Way back in the before times, I was involved in a unionization effort at the company I was with at the time. The Teamsters were trying to organize some part-time drivers and other similar sorts of labor. Most were guys working in these jobs were just doing it to pick up some extra money. It was a piece work deal. A man showed up and he was put to work on whatever was needed at the time. A small percentage tried to make a full-time job of it, but the hours were limited to 25 a week in order to discourage it.
Of course, a group of guys trying to make a career of washing cars or shuttling them to and from a location would always try hard to get more hours. When the company held the line, they contacted the union and the result was a union campaign. The Teamsters won by one vote, mostly by threatening the guys who were not interested. The result was they got a bunch of rules and new pay rates. The truly part-time wanted nothing to do with it and the original organizers were washed out one by one. It was a disaster.

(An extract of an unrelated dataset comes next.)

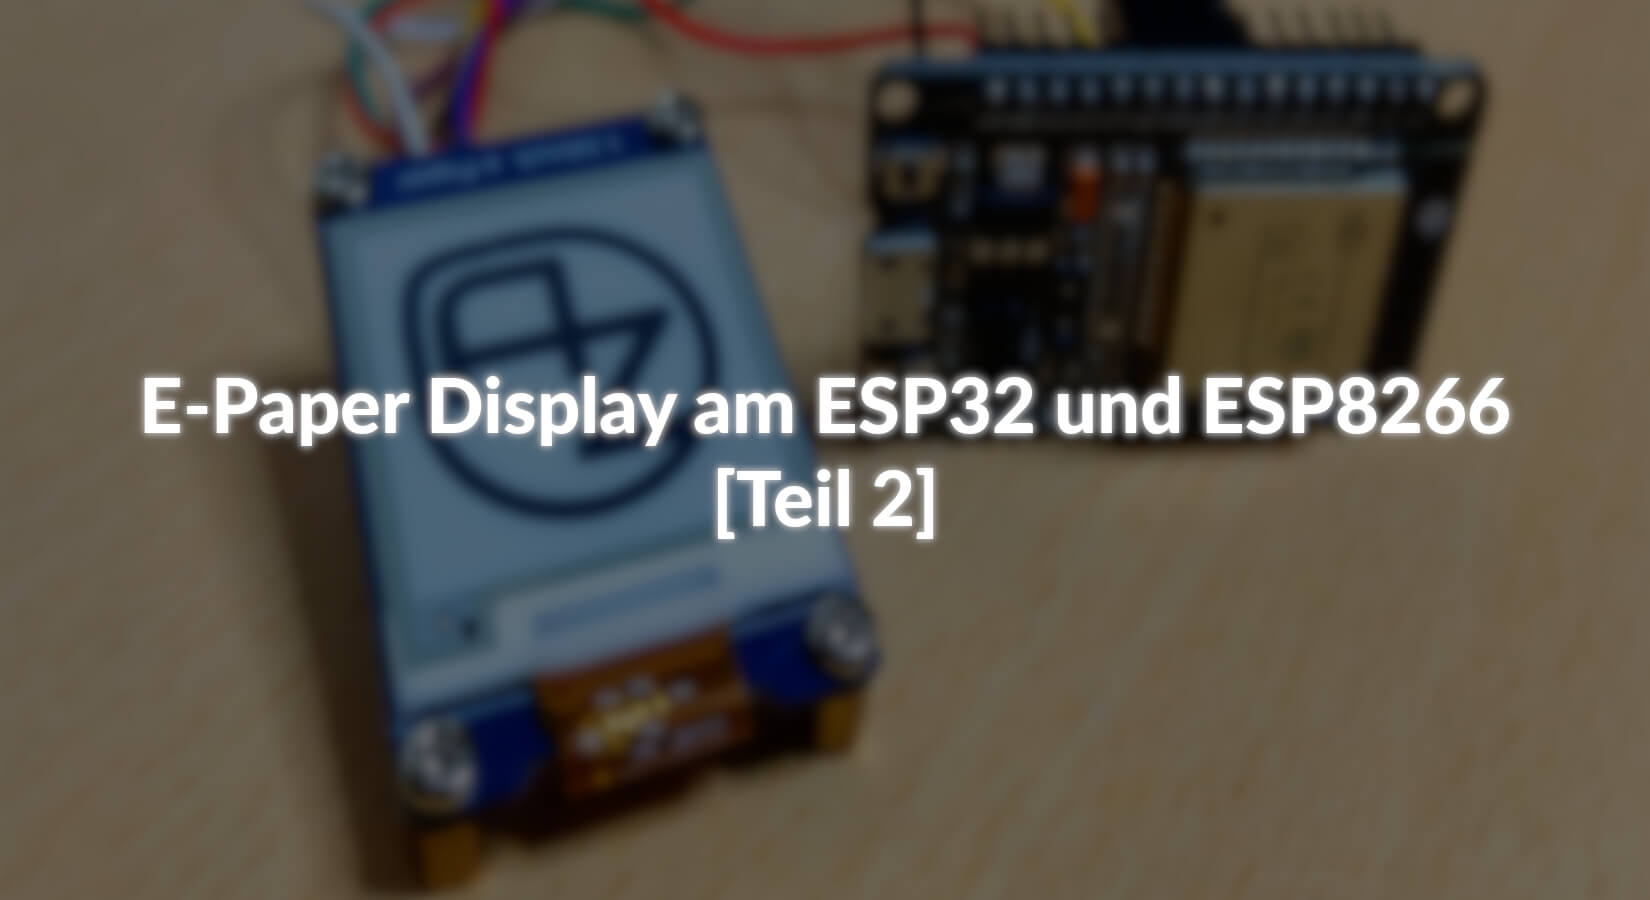 E-Paper Display am ESP32 und ESP8266 - [Teil 2] - AZ-Delivery

It’s not hard to see something similar happening to fast food workers if they try to form a union. The companies will simply start automating the work and the result will be fewer people making slightly less, while the SEIU gets a piece of the action. Unions are not bad per se, but service worker unions prove little in the way of services to their members, while siphoning off a piece of their check. The SEIU is pretty much just a money racket for the Democratic Party, not a genuine labor movement.
The mathematics of fast food means it can never work. McDonald’s has about 25% of their costs in retail labor. That $7 meal you get in the drive through is a $1.75 in human costs. Doubling the wages does more than double the labor cost. It jacks up taxes and benefit costs. These franchises will have legal and personal costs associated with dealing with a union workforce. Since no one is buying a $10 union meal from McDonalds when they can get a $7 meal from some other option, the result will be ruinous.
Of course, what never gets mentioned is the fact that these jobs were never intended to be careers. They were originally for kids and adults looking for part-time work. The manager would make a career of it, but the front-line people were always intended to be temporary workers in a homogeneous society. That is, your kid got a job at McDonalds, working for someone who lived in the community. The franchise was locally owned, so it was like going to work for a neighbor. That was the point of franchising.
That meant a different relationship between the owners, customer and workers than we see today. Go into a McDonalds now and the staff are weird little brown people from another land. They barely speak English. The manager is just a employee from somewhere, working for a company that has twenty franchises. As the customer, you have no emotional attachment to the place, as it is run by strangers and owned by some out of town interest. The workers peasants with no better options.
It is something to watch in the coming years. Chick-fil-A relies on the old model of hiring locals needing part-time work. They pay better, but expect more. The experience is vastly better for the customer, as the people are pleasant, speak English and seem to care about doing a good job. No one talks about unions and the customers have no reason to think the workers need representation. McDonalds relies on indentured servants and illegals and their reputation has declined as a result. Which model will prevail?